*Exercise aim*
Exactly the lines below starting at the line with "지난 9일 방영된 tvN 수목드라마 '싸이코패스 다이어리' 방송화면." and ending at the line with "Фото: одежда для" are wanted, with both ends included. Leave out the pictures and add no other lines.

*Records supplied*
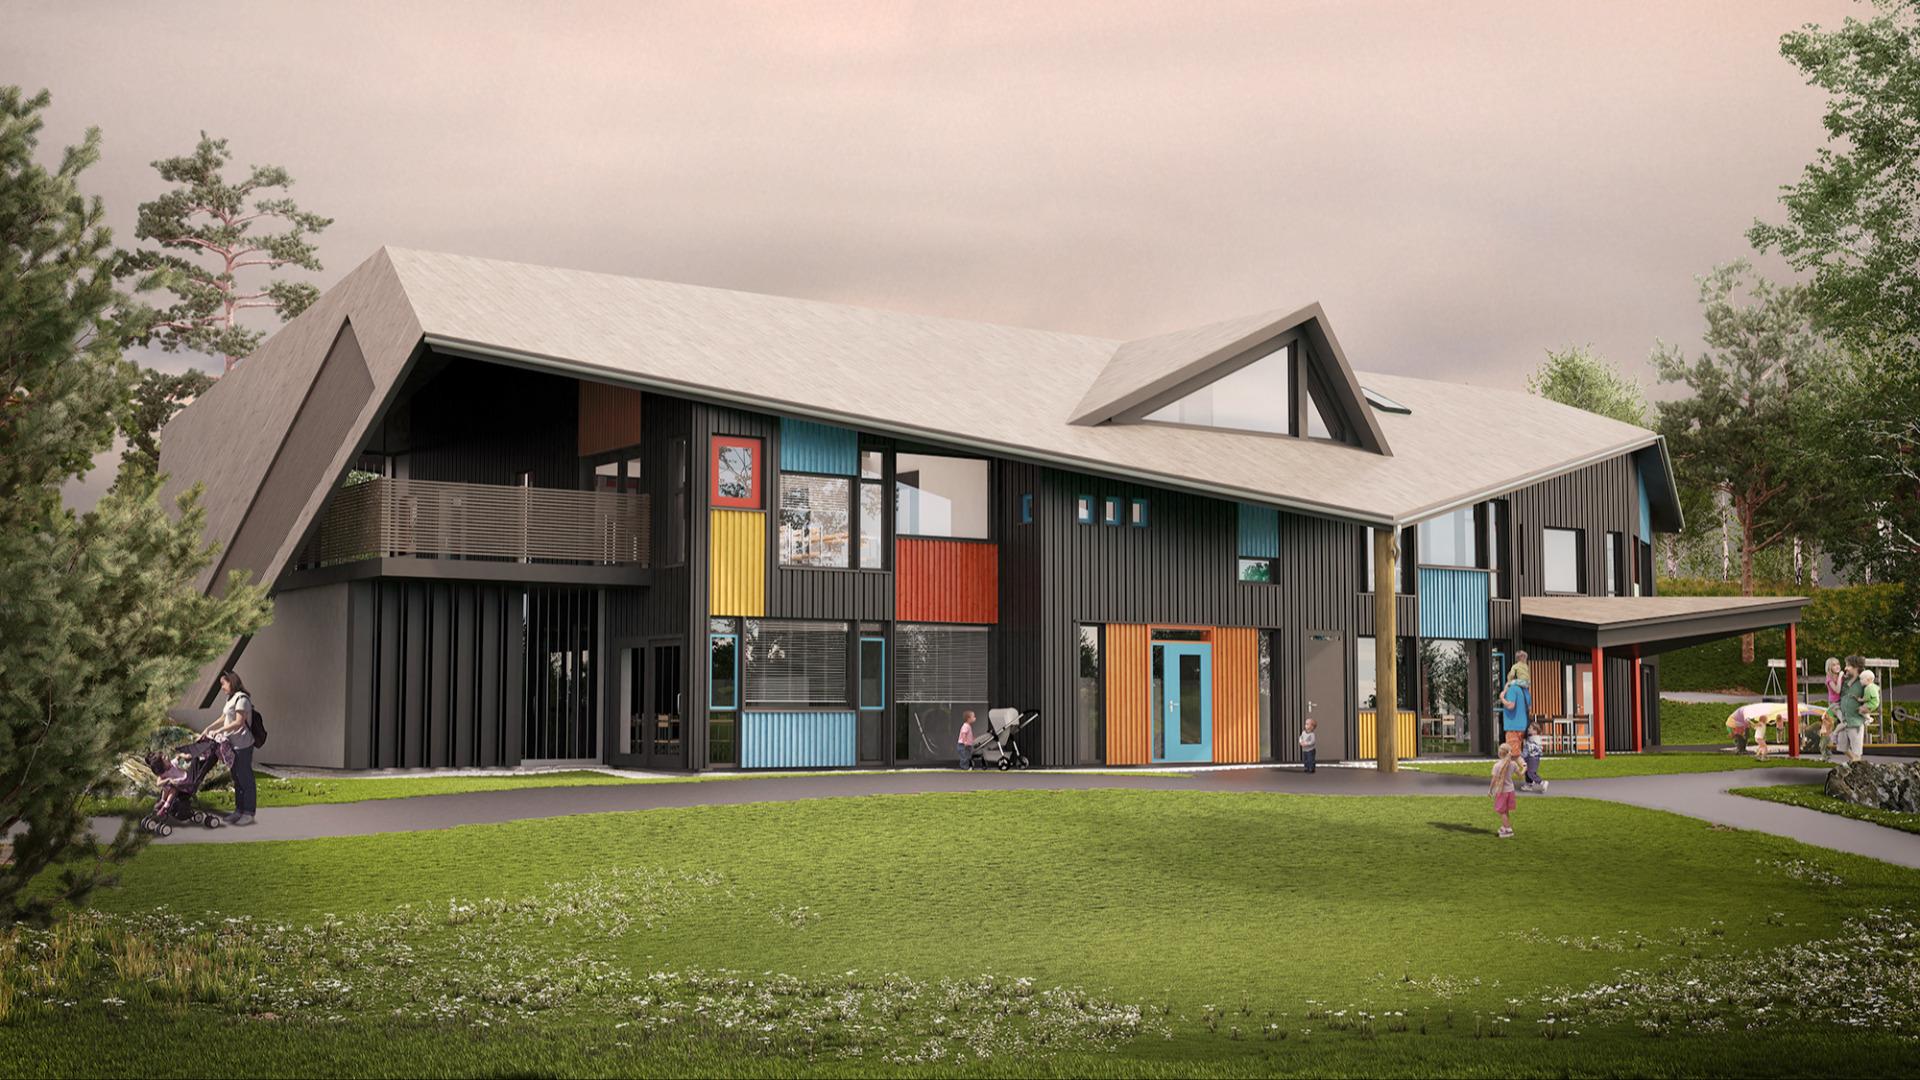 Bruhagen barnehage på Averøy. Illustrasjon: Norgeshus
---
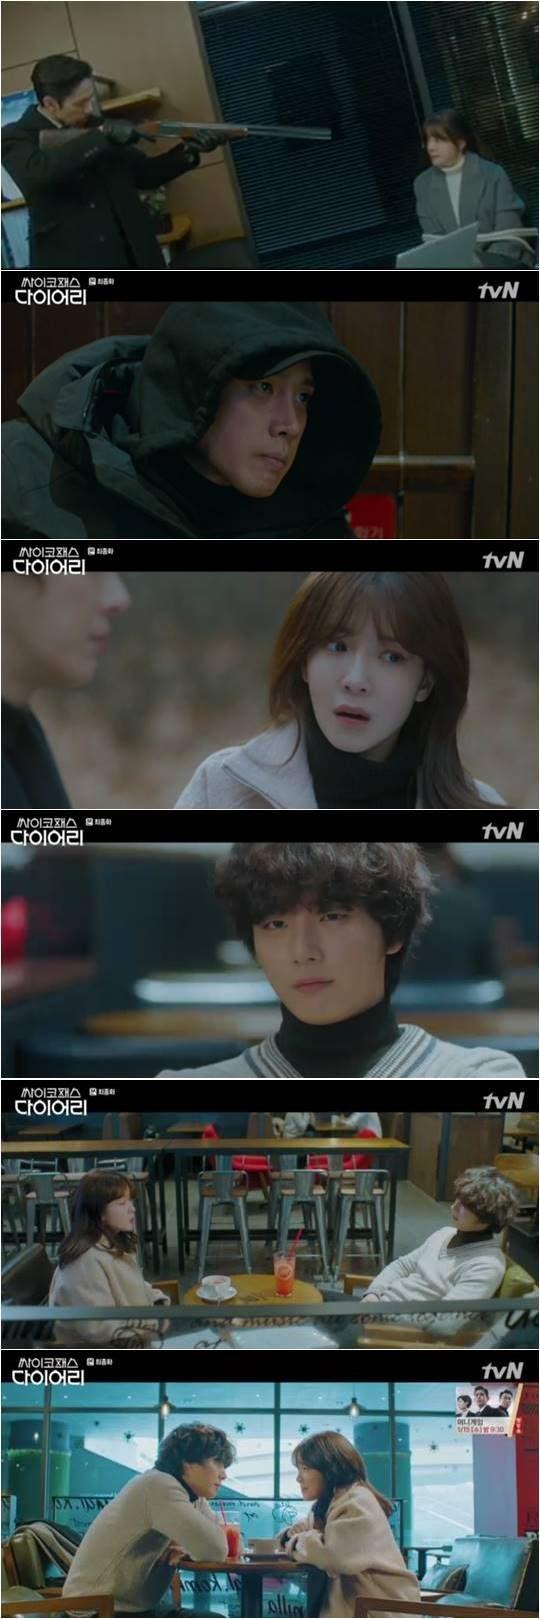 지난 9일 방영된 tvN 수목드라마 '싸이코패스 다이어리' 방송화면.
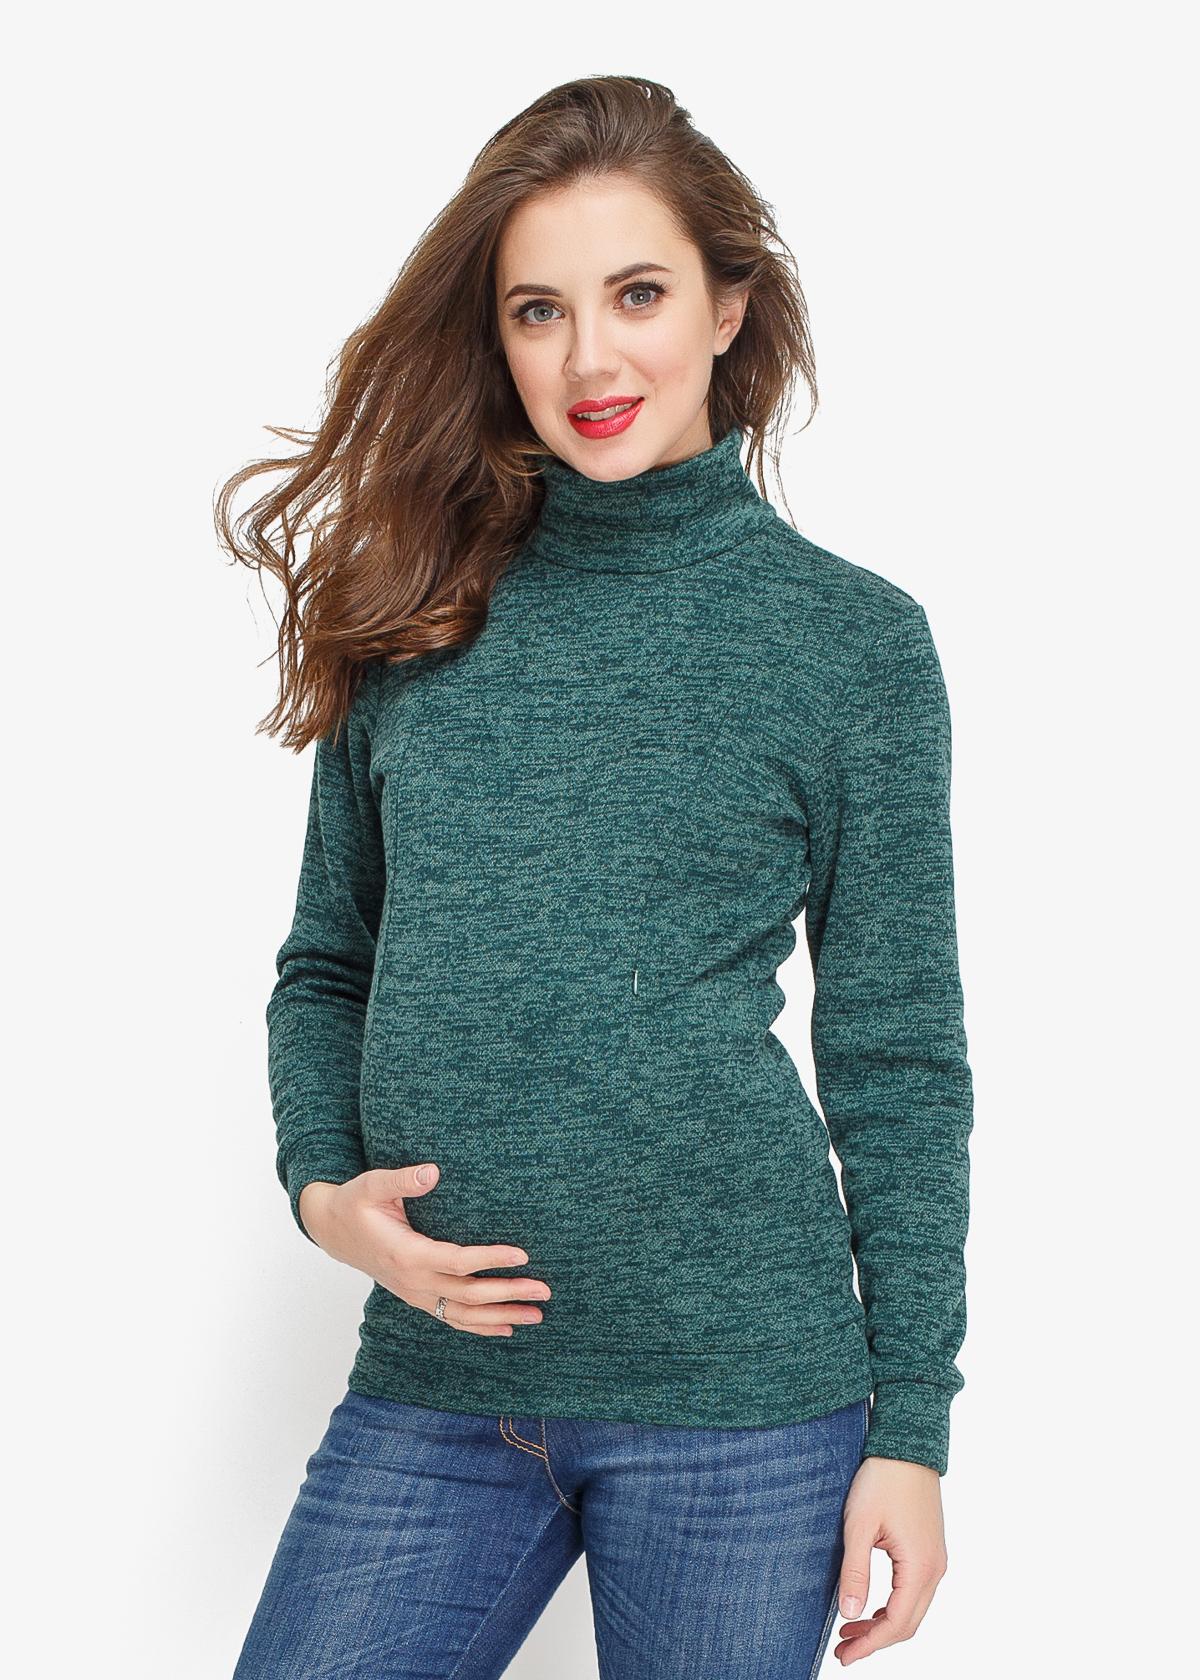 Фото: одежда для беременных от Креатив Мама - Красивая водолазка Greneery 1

*Answer for the task*
 지난 9일 방영된 tvN 수목드라마 '싸이코패스 다이어리' 방송화면.
 Фото: одежда для беременных от Креатив Мама - Красивая водолазка Greneery 1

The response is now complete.